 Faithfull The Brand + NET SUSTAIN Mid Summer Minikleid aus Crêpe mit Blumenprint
____________
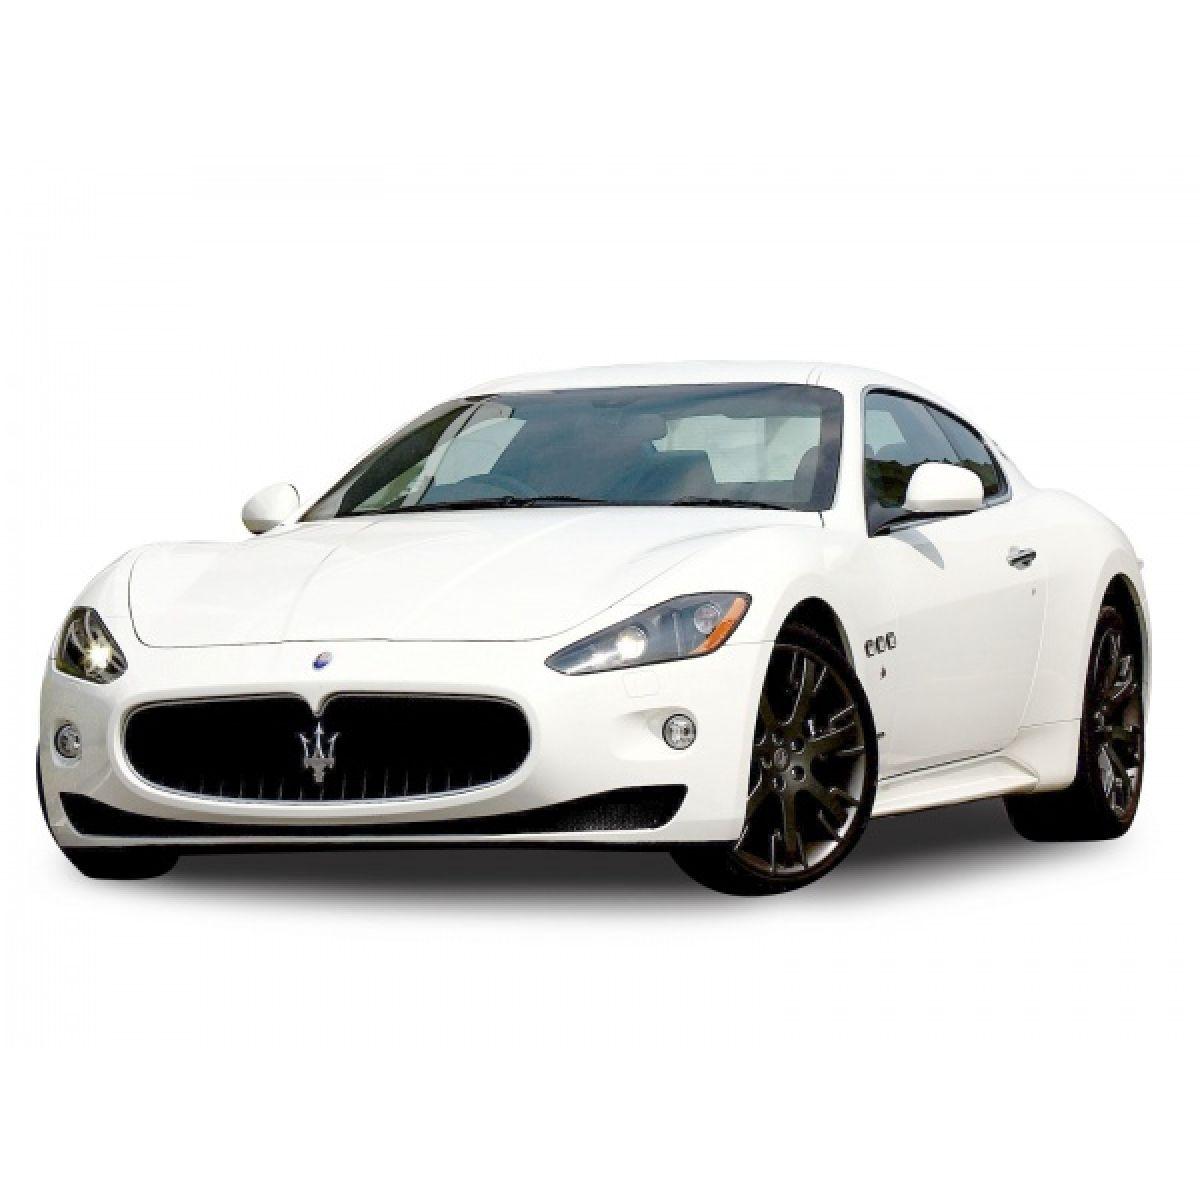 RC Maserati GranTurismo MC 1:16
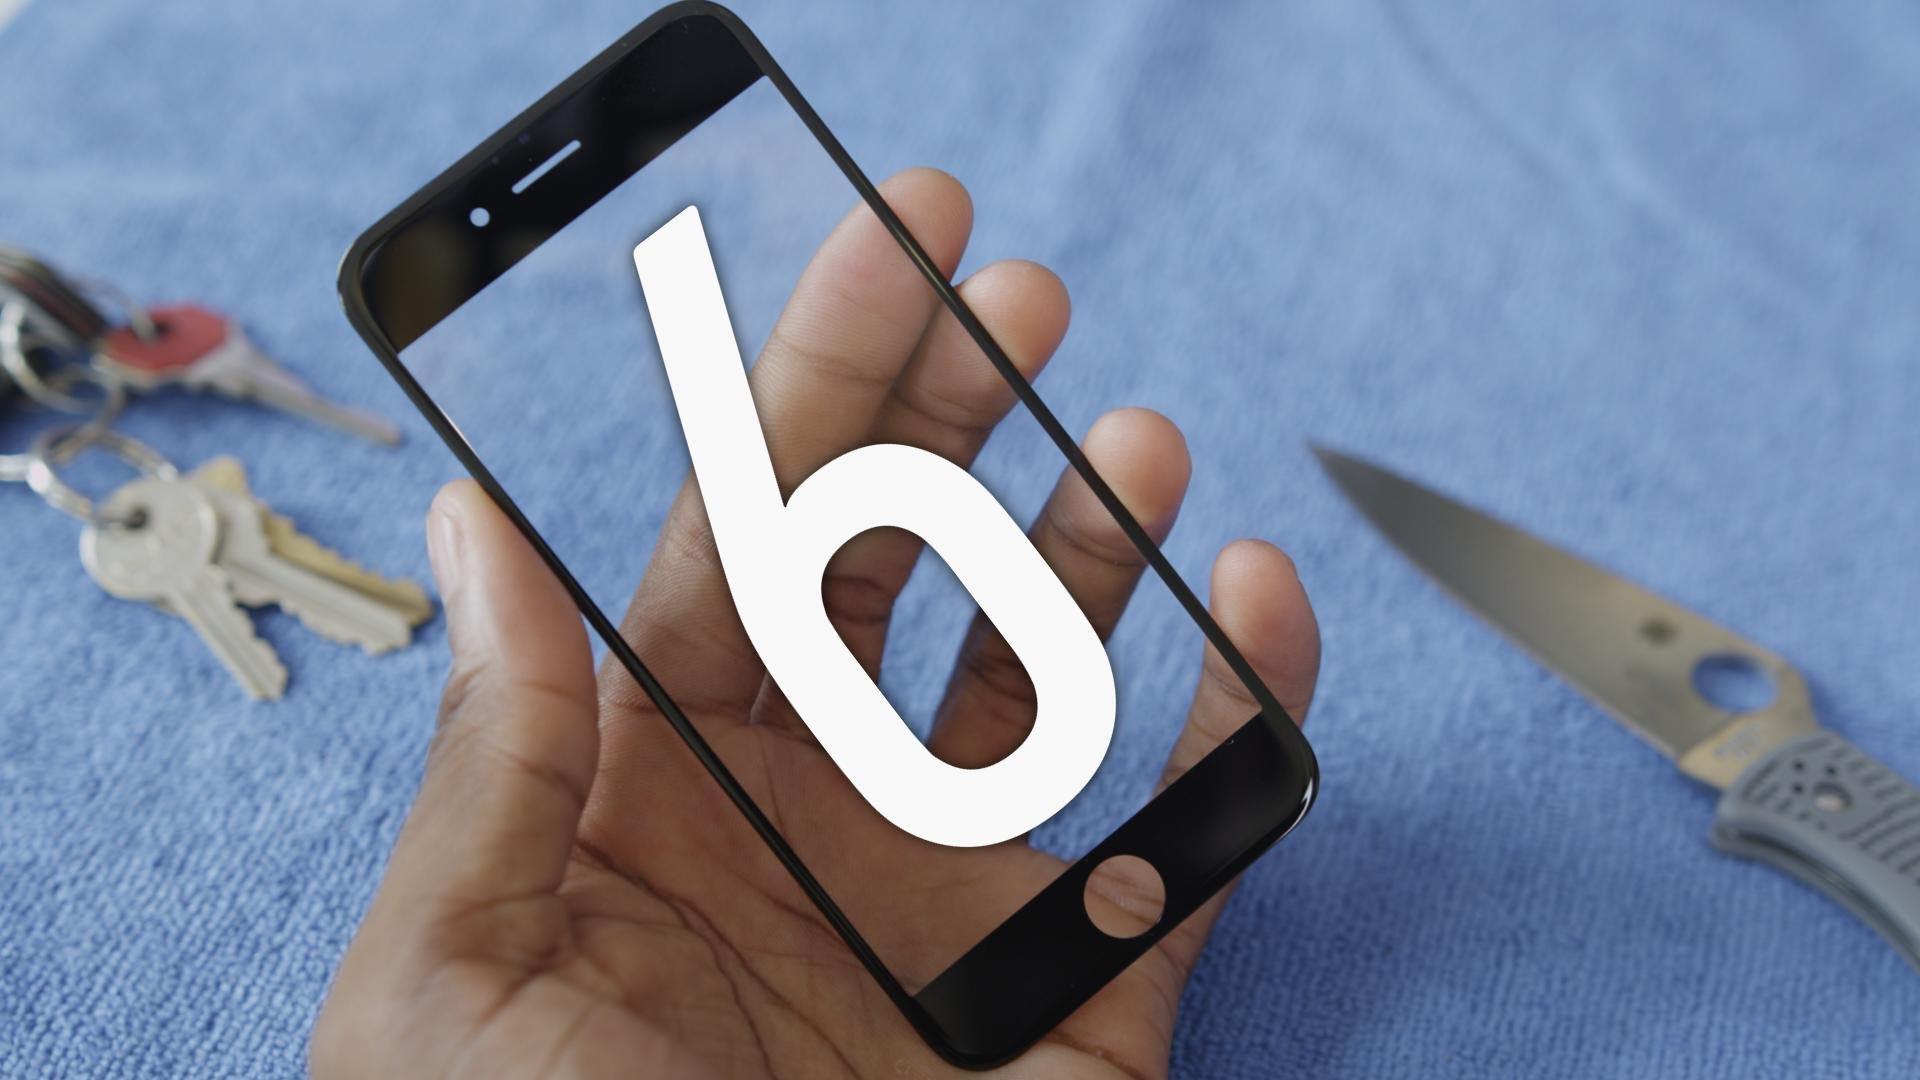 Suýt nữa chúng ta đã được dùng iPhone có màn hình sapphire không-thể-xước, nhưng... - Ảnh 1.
____________
Problem description | Having found the line with "RC Maserati GranTurismo MC 1:16" and the line with "Suýt nữa chúng" in the material above, write out exactly those two and every line between, leaving the pictures out.

Answer to the problem |
 RC Maserati GranTurismo MC 1:16
 Suýt nữa chúng ta đã được dùng iPhone có màn hình sapphire không-thể-xước, nhưng... - Ảnh 1.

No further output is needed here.